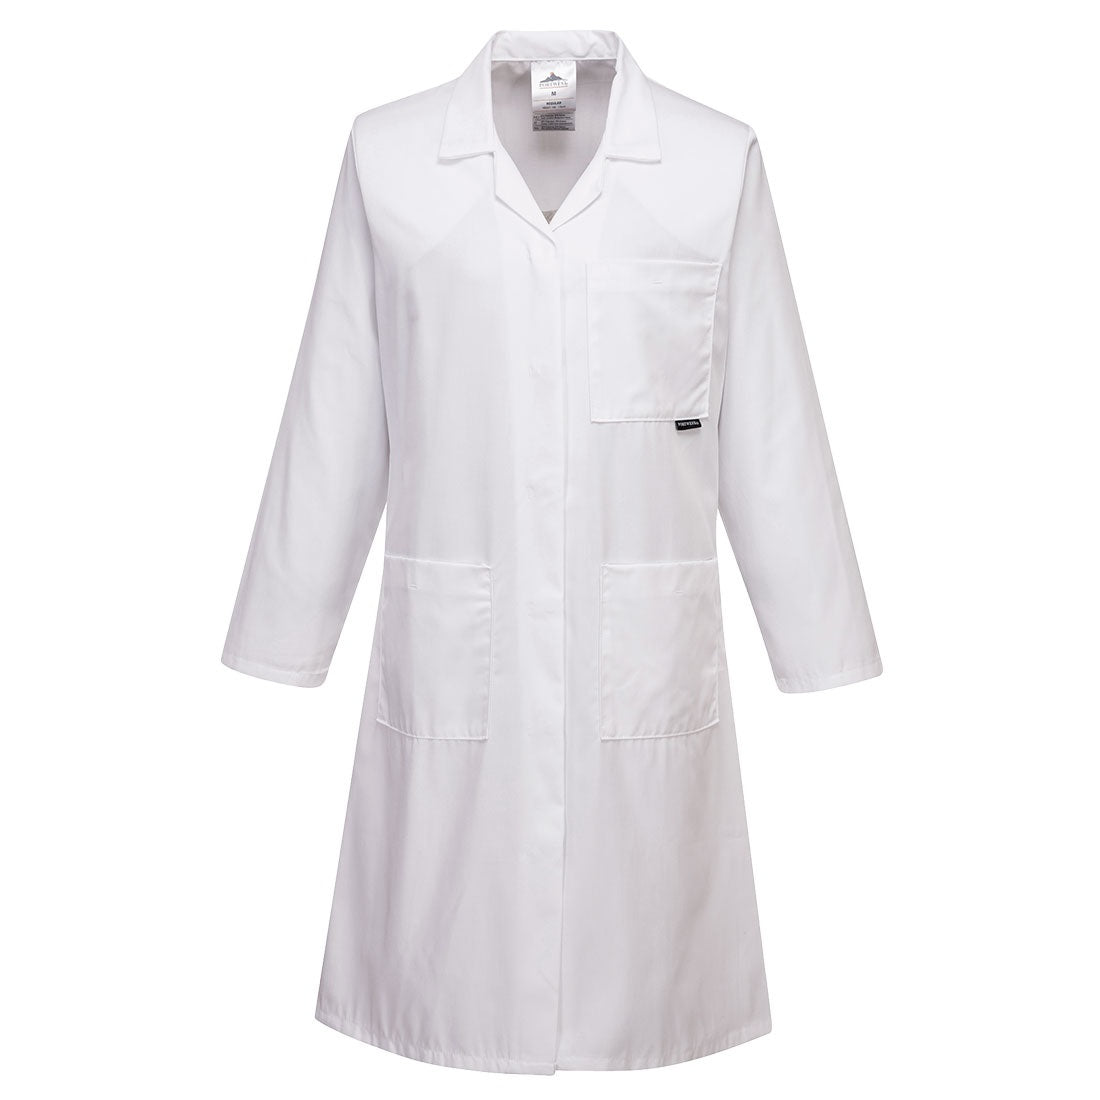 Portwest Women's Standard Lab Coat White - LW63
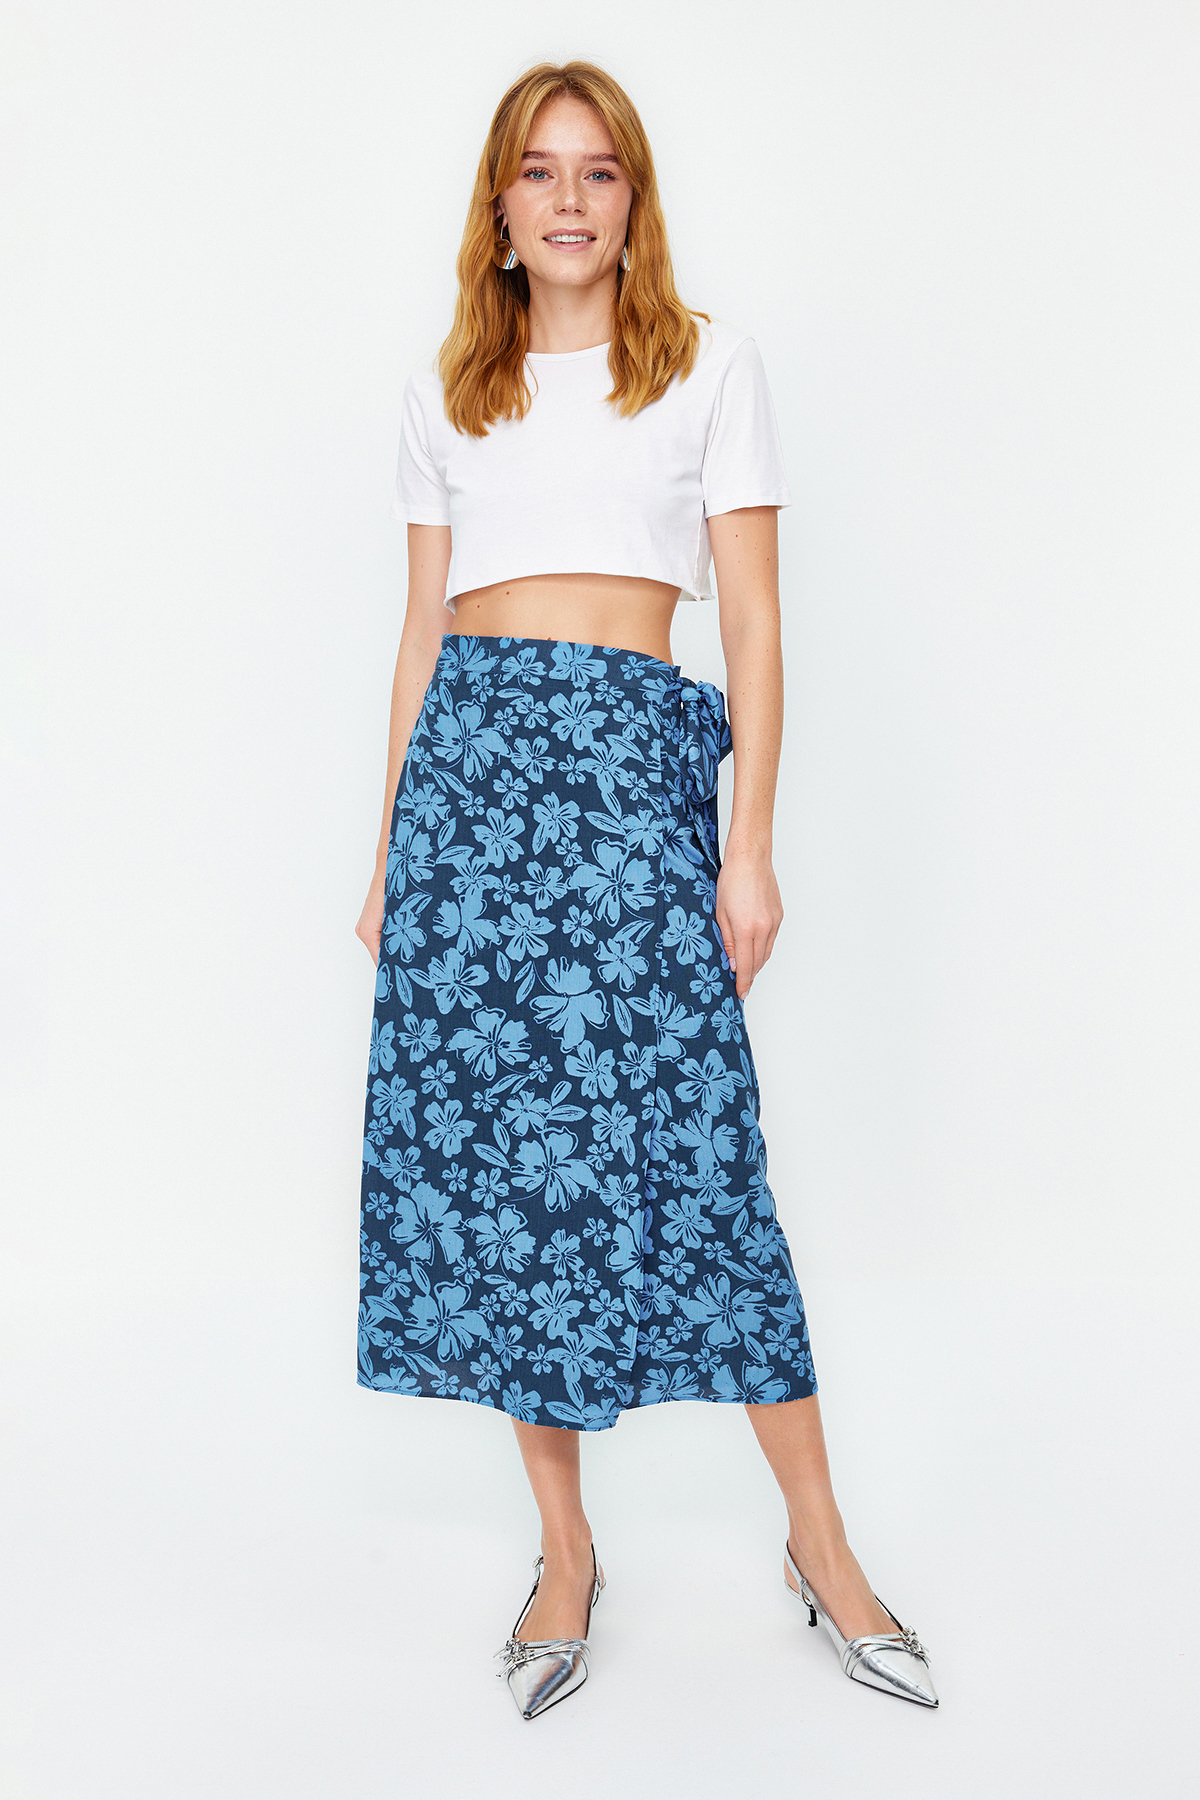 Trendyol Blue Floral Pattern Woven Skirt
---
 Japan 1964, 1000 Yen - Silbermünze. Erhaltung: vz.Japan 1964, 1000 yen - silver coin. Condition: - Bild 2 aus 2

- Your goal -
When you reach the line holding "Portwest Women's Standard" in the listing above, begin retyping exactly, and stop once the line holding "Trendyol Blue Floral Pattern Woven Skirt" is done; pictures stay out.

- Result of the task -
 Portwest Women's Standard Lab Coat White - LW63
 Trendyol Blue Floral Pattern Woven Skirt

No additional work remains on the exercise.